The post-it note stuck to the jewel box of the young tenor saxophonist’s CD read, “Here’s a guy you should hear.” There must be a young tenor saxophonist factory somewhere, turning them out at an astonishing rate; cloning them. Otherwise, why would there be so many of them, sounding alike, replicating John Coltrane and Michael Brecker? I was a little tired of the clones, tired of cutting edge clichés. But the note was from Marc Edelman, the proprietor of Sharp Nine Records. He’s never steered me wrong, so I listened to Grant Stewart.

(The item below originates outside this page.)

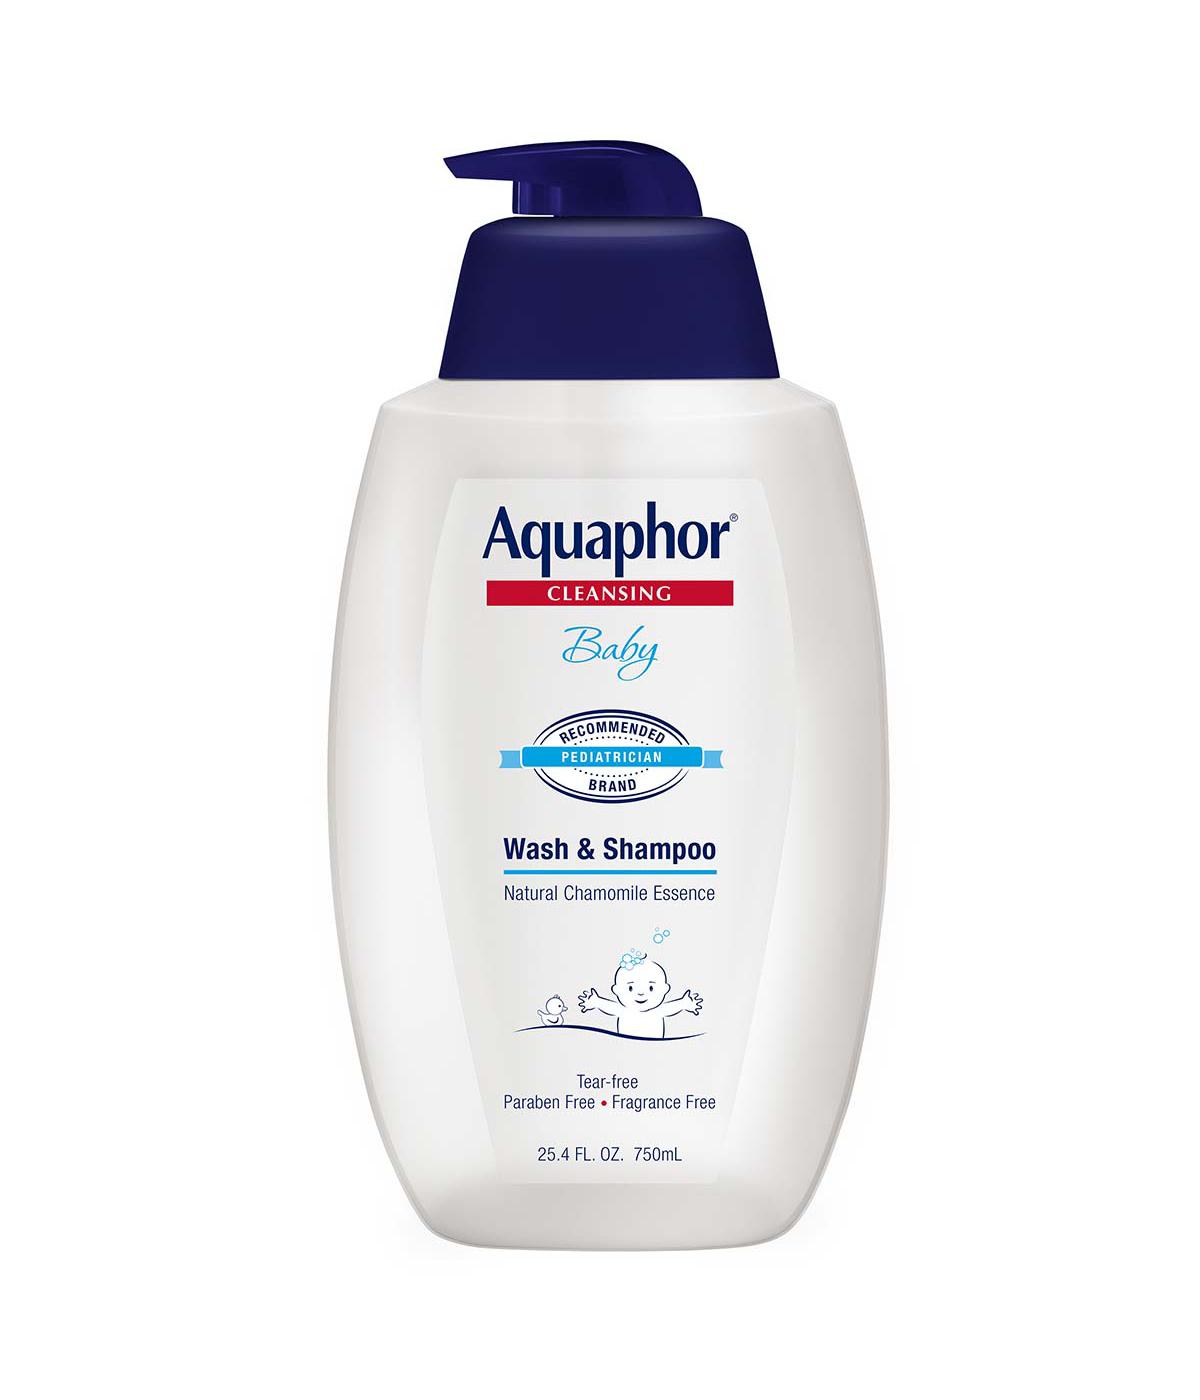 Aquaphor Baby Wash & Shampoo; image 1 of 2

The first track was the CD’s title tune, “In The Still of the Night,” at a metronome setting–somewhere just short of 400–that would have raised Cole Porter’s eyebrows, and maybe his hair. At that intimidating tempo, the young tenor saxophonist was at ease and making sense, a mid-fifties Sonny Rollins kind of sense. There wasn’t a patented Coltrane or Brecker lick to be heard. Stewart was not merely holding his own with the seasoned rhythm section of pianist Tardo Hammer, bassist Peter Washington and drummer Joe Farnsworth; he was in charge of it. It was clear that he had absorbed plenty from the period that many listeners consider Rollins’ greatest, but he wasn’t a Rollins clone. Nor was he a Johnny Griffin or Stanley Turrentine clone, although he must have paid attention to them as he developed. He had a personal tone, fresh ideas, his own brand of wry humor and the ability to engage and keep my attention. About halfway through the CD, during Stewart’s loping solo on “Autumn in New York,” something clicked. I went to the shelves and, sure enough, I had heard him before, on a couple of Ryan Kisor albums, one recorded as recently as 2005. Stewart didn’t jump out at me then. He has jumped out at me now, and I’m happy to pass along Edelman’s suggestion: Here’s a guy you should hear.
As this week rolls along, the Rifftides staff will be posting brief observations on other CDs, some recent, some not.